Investors and independent directors should watch behaviour, not only compliance. A structural weakness in India is the poor performance of the institutional shareholders . They need training and encouragement.

They must focus on honesty of purpose and intent rather than just on the rules and regulations. The hard truth is that if the owner, CEO and CFO conspire, no corporate governance system can work. You can arrest the auditor and jail the director, but that will not prevent the next incident where evil intent is present. The Satyam case is the best evidence of this.

The giveaways of bad governance lie in behaviour. Pratip Kar, while at Tata Management Training Centre, showed that one or more of five signals from the C-Suite provide early warning: constantly being applauded by the media as being visionary and daring; displaying excessively risky but exciting ambitions ; showing high connections and lifestyle ; being hubristic and egoistic; being surrounded by ‘non-smelly’ individuals, yet appearing ‘smelly’ .

As former Sebi chief M Damodaran has said, Indian executives regard the boss or the promoter as the karta of the Hindu Undivided Family. The promoter is the ultimate. The top leadership may have managers who kiss up and kick down; who are eager to please the boss. These are telltale signals that need to be considered by intelligent investors.

Review related party transactions with care like a Lakshman Rekha. All related party transactions are not bad or suspicious. But this is the line that is normally breached to achieve differential enrichment . Just as Lakshman drew the line for Sita for her protection, independent directors should regard related party transactions as the watch-line for shareholders and be very alert in an intuitive way.

Independent directors need to be emotionally accountable to minority shareholders. Independent directors represent the interests of minority shareholders. They are elected by the shareholders. The role of the lead director can be strengthened and the lead director should feel accountable for initiating steps to protect minority interests. He can be answerable in writing or in person where necessary.

Focus the rule book on what a board cannot do. There are too many regulators and rules, but too little regulation. Corporate governance rules describe in minute detail how a board is to be composed and all that a board has to do.

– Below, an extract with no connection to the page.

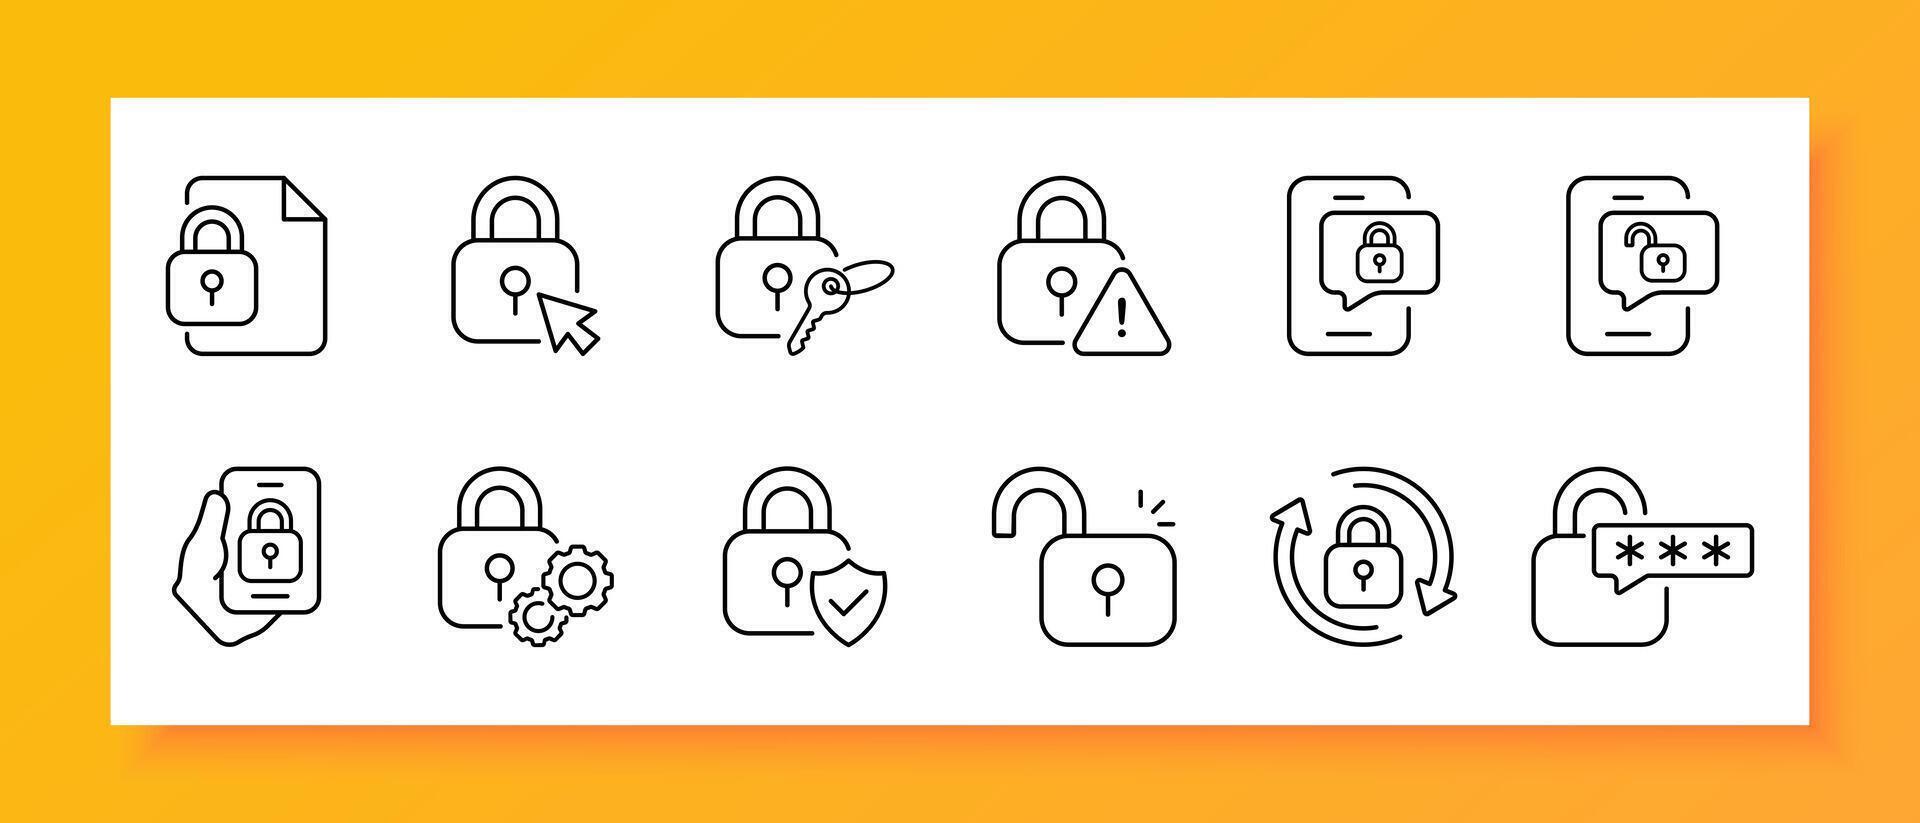 Security icon set. Threat, password, lock, key, internet, smartphone, file, gears, two-step authentication. Black icon on a white background. Vector line icon for business and advertising

In sports, the rule book tells you what you cannot do, and the rules are, therefore, simple. In football, you cannot touch the ball with the hand, you cannot physically push the opposing player and you cannot be ahead of the last opposing player (other than the goalkeeper) before receiving a pass to shoot for the goalpost.

Western intellectuals are reviewing their own model. Sir David Walker, the senior guru of UK’s corporate governance, has wondered whether the western system should be copied by the developing world because the eastern model seems to have advantages.

Magdalene College senior research fellow, Stefan Halper, has wondered in his new book The Beijing Consensus whether the market authoritarianism of the east has some virtue. I wonder whether India needs a modified kind of corporate governance rule book.